## INSTRUCTIONS TO FOLLOW
Keep every word of the listing and drop the images when you write it out.

## SUPPLIED INFORMATION
---+---
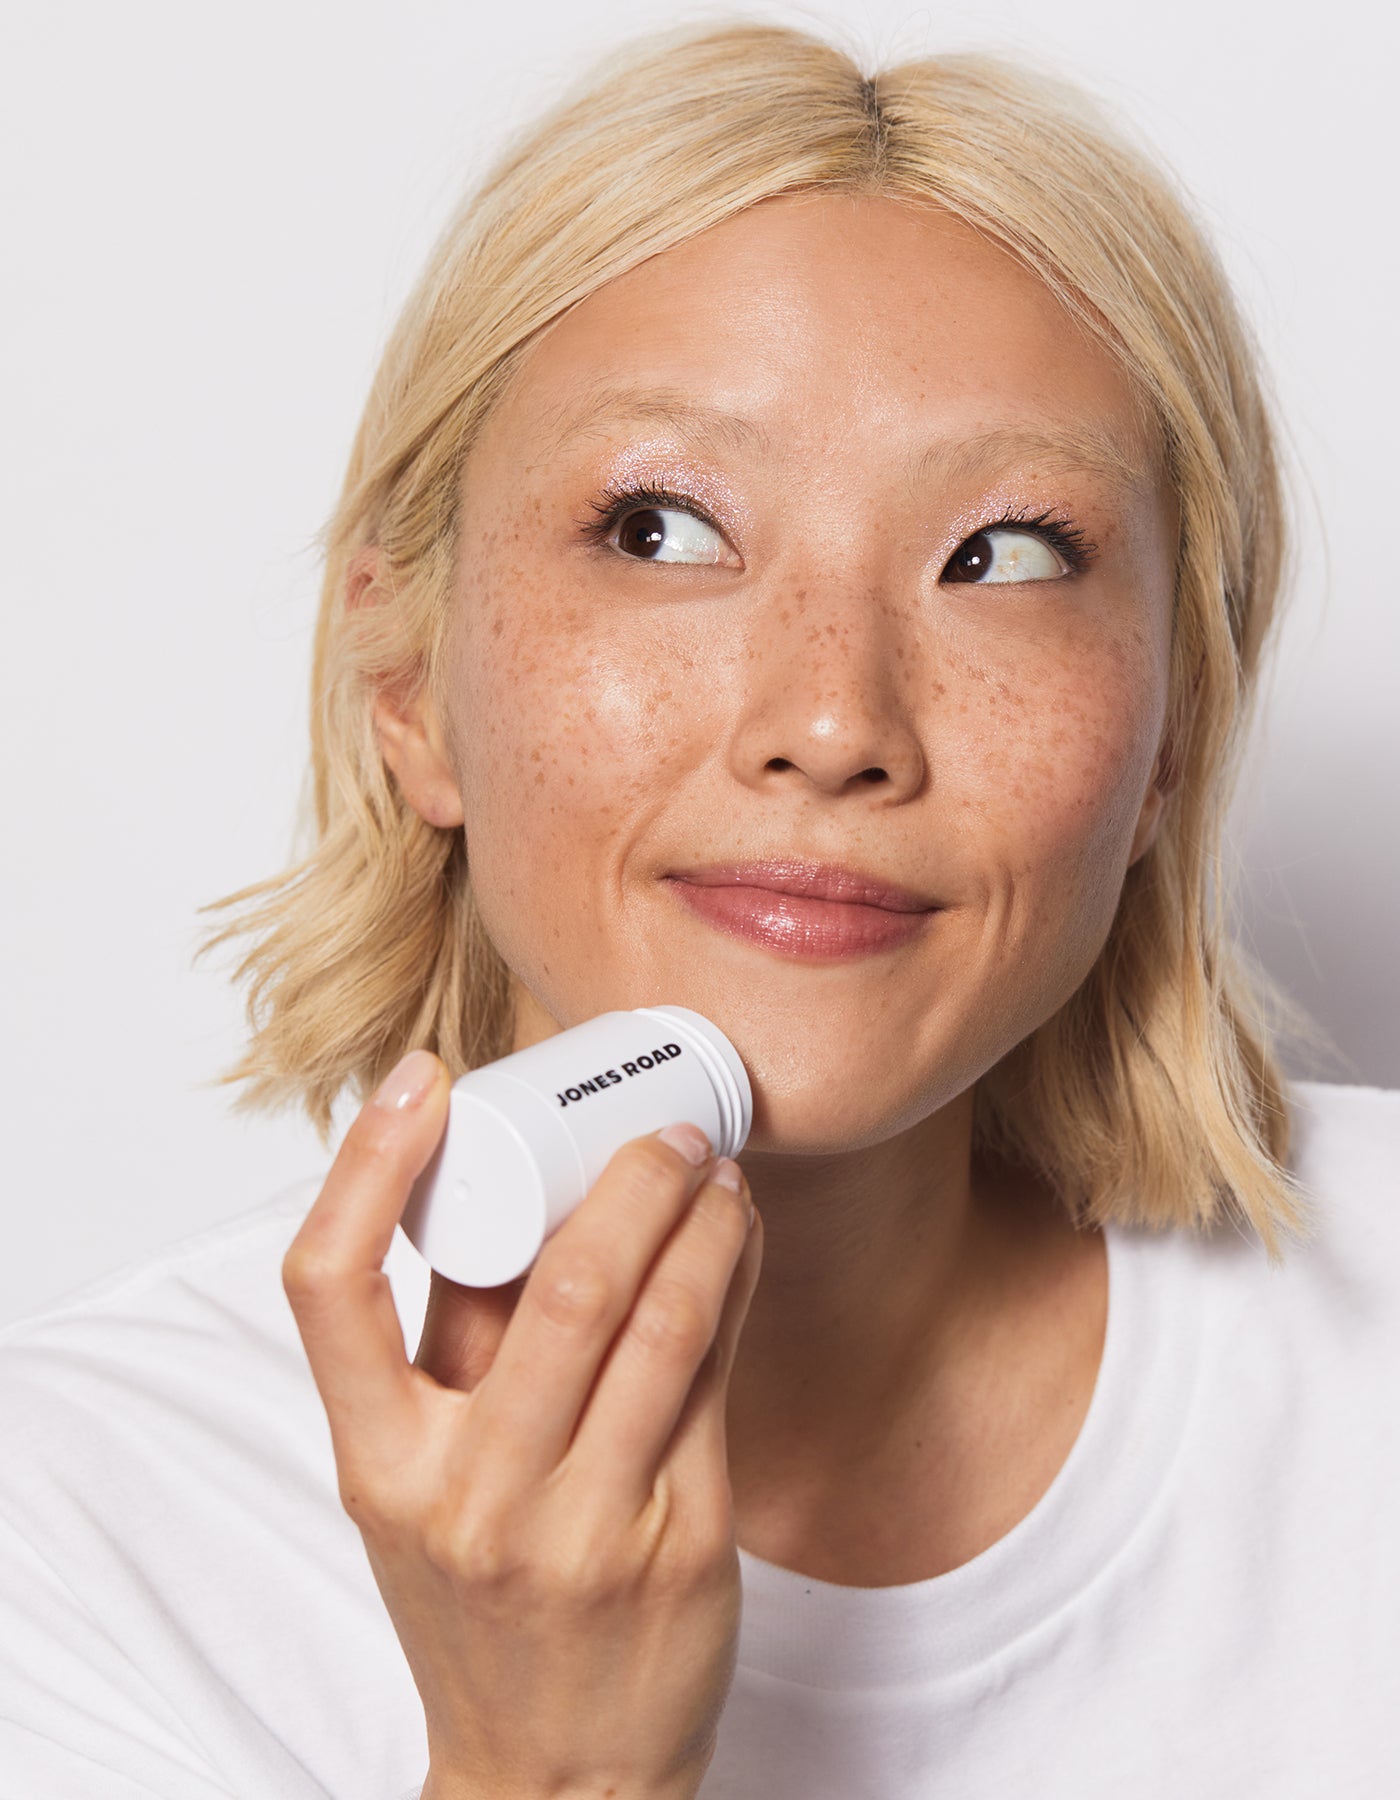 Model using cleansing stick on dry skin
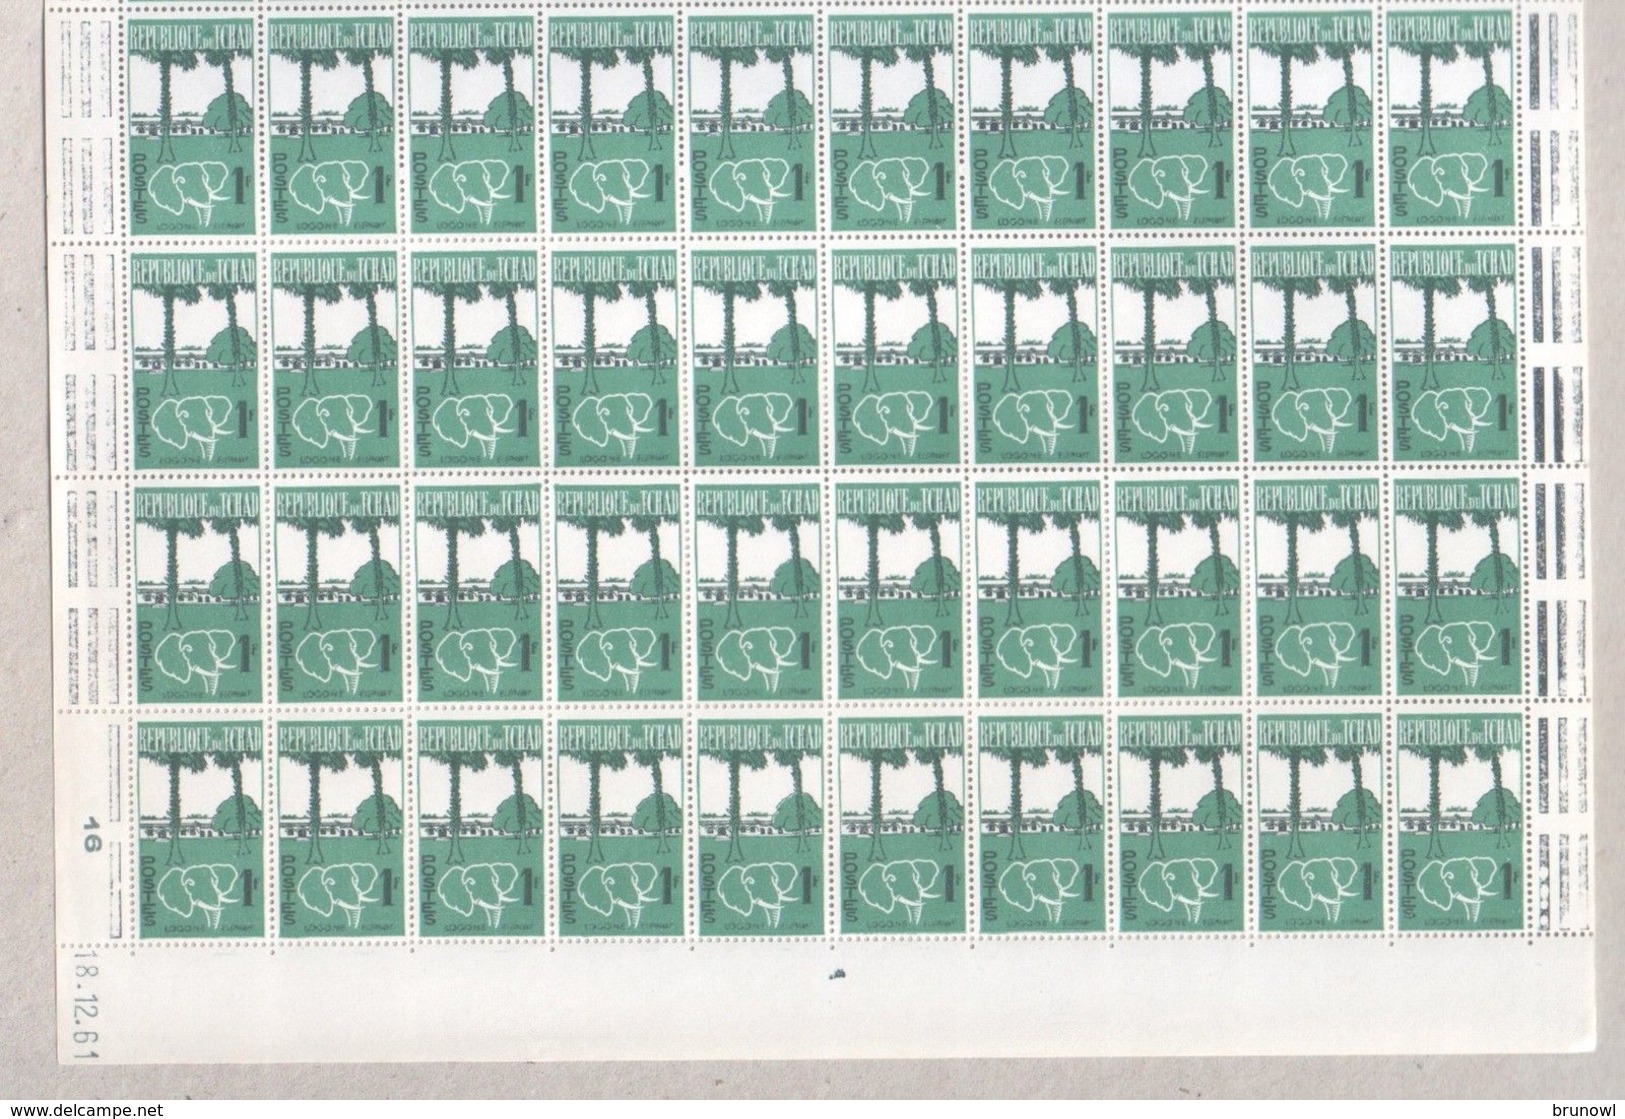 Chad MNH Sheet Of 1962 1F Elephant And Lagoon Stamps - Chad (1960-...)
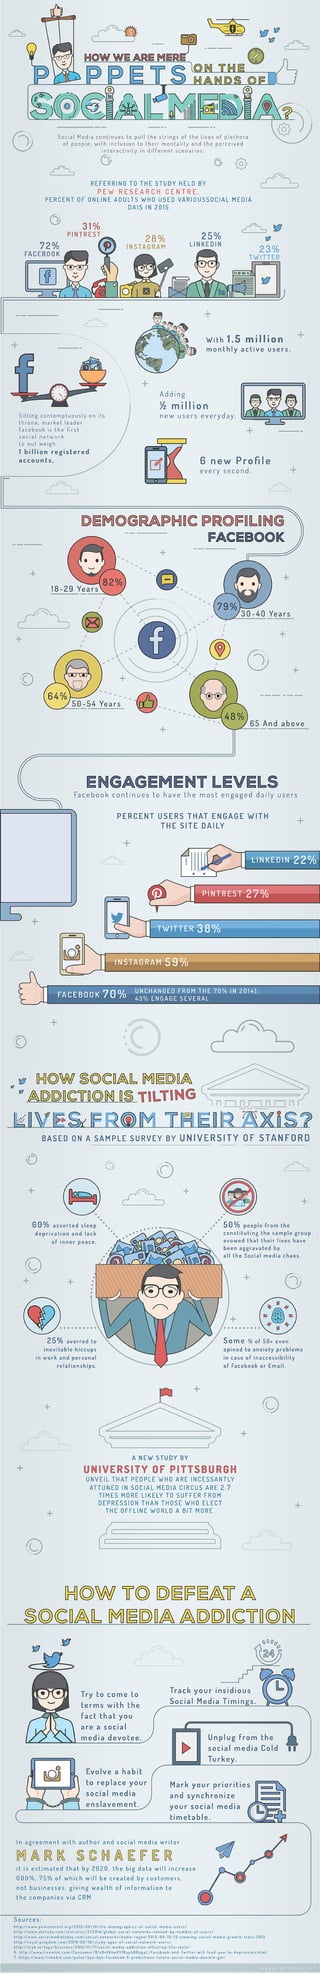 Infographic for studies on social media usage.
---+---
## YOUR SOLUTION
 Model using cleansing stick on dry skin
 Chad MNH Sheet Of 1962 1F Elephant And Lagoon Stamps - Chad (1960-...)
 Infographic for studies on social media usage.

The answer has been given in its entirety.